Посмотрим же теперь, как отнеслась практическая Москва к одушевлённому православными идеалами Киеву.
ГЛАВА ХХVІ.
Исакий Борискович был уже однажды в Москве. В августе 1624 года, когда в Киеве происходило смятение умов по поводу белорусских событий и административных действий, митрополит посылал его к царю для обычного испрошения «милостыни на церковное строение». Новый центр русского мира, Москва, был связан со старым его центром, Киевом, неразрывными узами. Со времени возникновения русской силы на Севере после татарского лихолетья, между ними происходило более или менее частое общение. [114]

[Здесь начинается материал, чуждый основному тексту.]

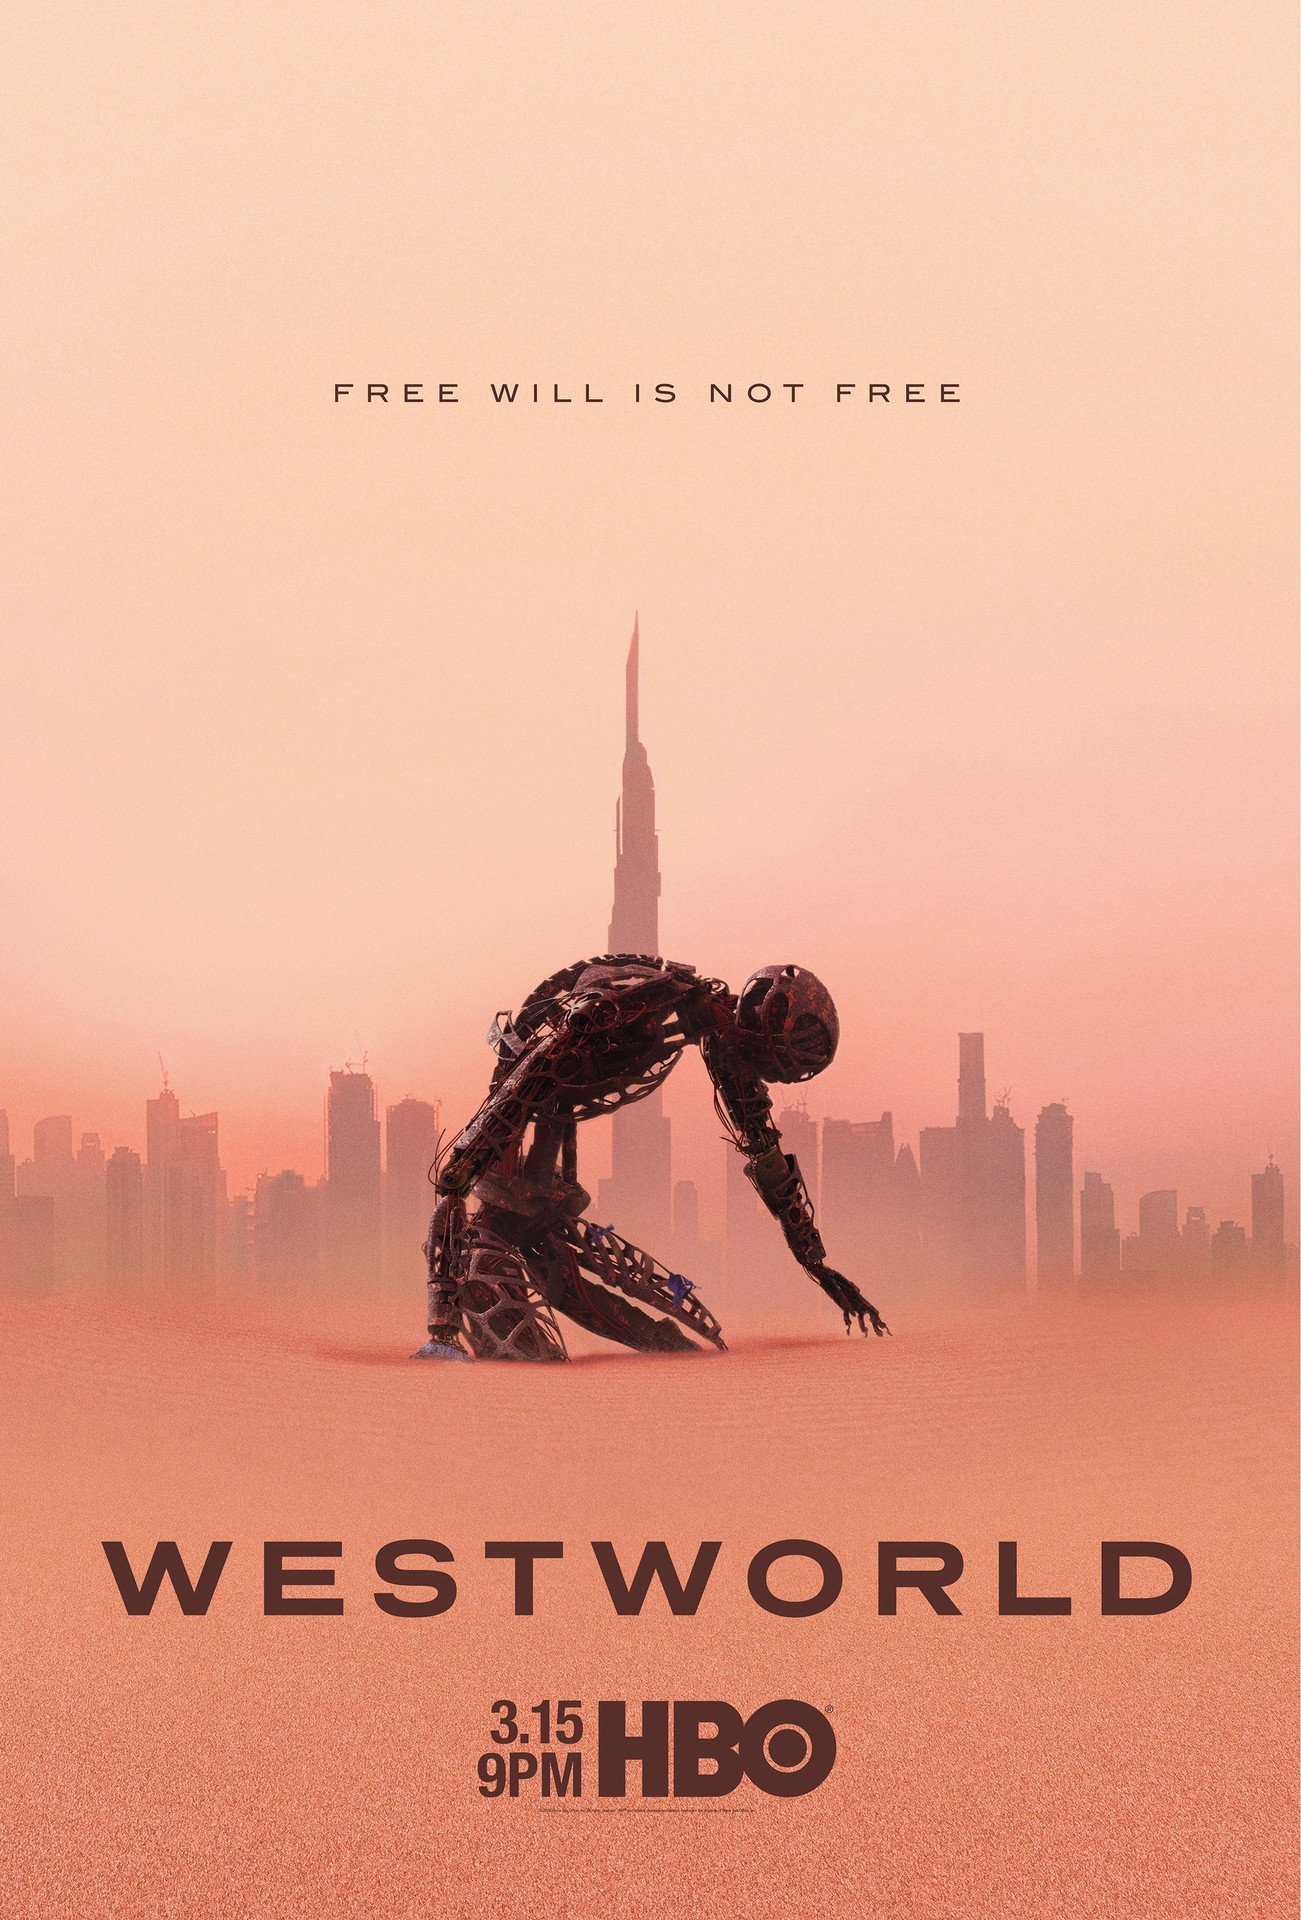 westworld-gets-renewed-for-season-4-at-hbo-thenationroar

Москва не забывала, что Киев — отчина её царя. Киев помнил своё старейшинство в основании русской церкви. Он посылал к московским государям просителей милостыни на разорённые татарами святилища свои в таком смысле, как будто это были те же царские храмы, что и в их новой столице. Со своей стороны Москва считала для себя обязательным уважать в этом случае «предание и обычай стаpого времени». [115] Хождение из Киева в Москву за милостыней на церковное строение сделалось регулярным. Установлены были даже сроки для разных монастырей, когда их блюстители должны были являться для получения поддержки от Восточного Царя. Поэтому, для королевской партии, которая часто, наперекор земским послам и сеймам, делала экзорбитации в пользу папизма, не было юридического основания к прекращению сношений Киева с Москвой, хотя эти сношения были весьма подозрительны в глазах польских политиков. По крайней мере королевская партия не находила средств для прекращения иноческих поездок в схизматическую и зловредную для Польши Москву.Борецкий, посылая в 1624 году епископа Исакия к царю, без сомнения, имел в виду не одну милостыню. В письме к Михаилу Фёдоровичу, он рекомендовал его, как «мужа во всём верна и тайну царскую могуща сохранити», тайна, как надобно полагать, заключалась в настоятельной просьбе к русскому царю спасать свою отчину от сетей папизма, в которые одних завлекали соблазнами, а других загоняли притеснениями. Теперь тот же во всём верный муж появился в Москве, как изъяснитель двух важных проектов, составленных деятельным умом киевского митрополита: по одному из них, московский самодержец должен был стать во главе православного движения на Востоке, по другому — он должен был оправдать принятый ещё Иоанном III, в смысле программы действий, царственный титул всея Руси.
Но течение событий и характер самой сцены, на которой подвизался севернорусский человек, обработали его ум совсем иначе, не так как обработала местная история ум южнорусса. На юге мыслительная способность лучших людей поддавалась воображению; идеал царствовал здесь над реальностью, возносил православие в сферы высшей духовной жизни, и работал, может быть, не столько для его настоящего, сколько для его будущего. На севере в деятельности русского ума воображению отведено было последнее место. Севернорусский ум отличался положительностью, и самую религию приспособил к практическим потребностям общества. На юге надобно было спасать церковь, на севере — государство. Церковь спасало всегда и везде высоконастроенное меньшинство; напротив, спасение государства зависело всюду от единомыслия большинства. И вот представители идеальных стремлений южнорусского меньшинства и представители практических интересов севернорусского большинства встретились в общем для них обоих деле. Между ними естественно оказалось разномыслие.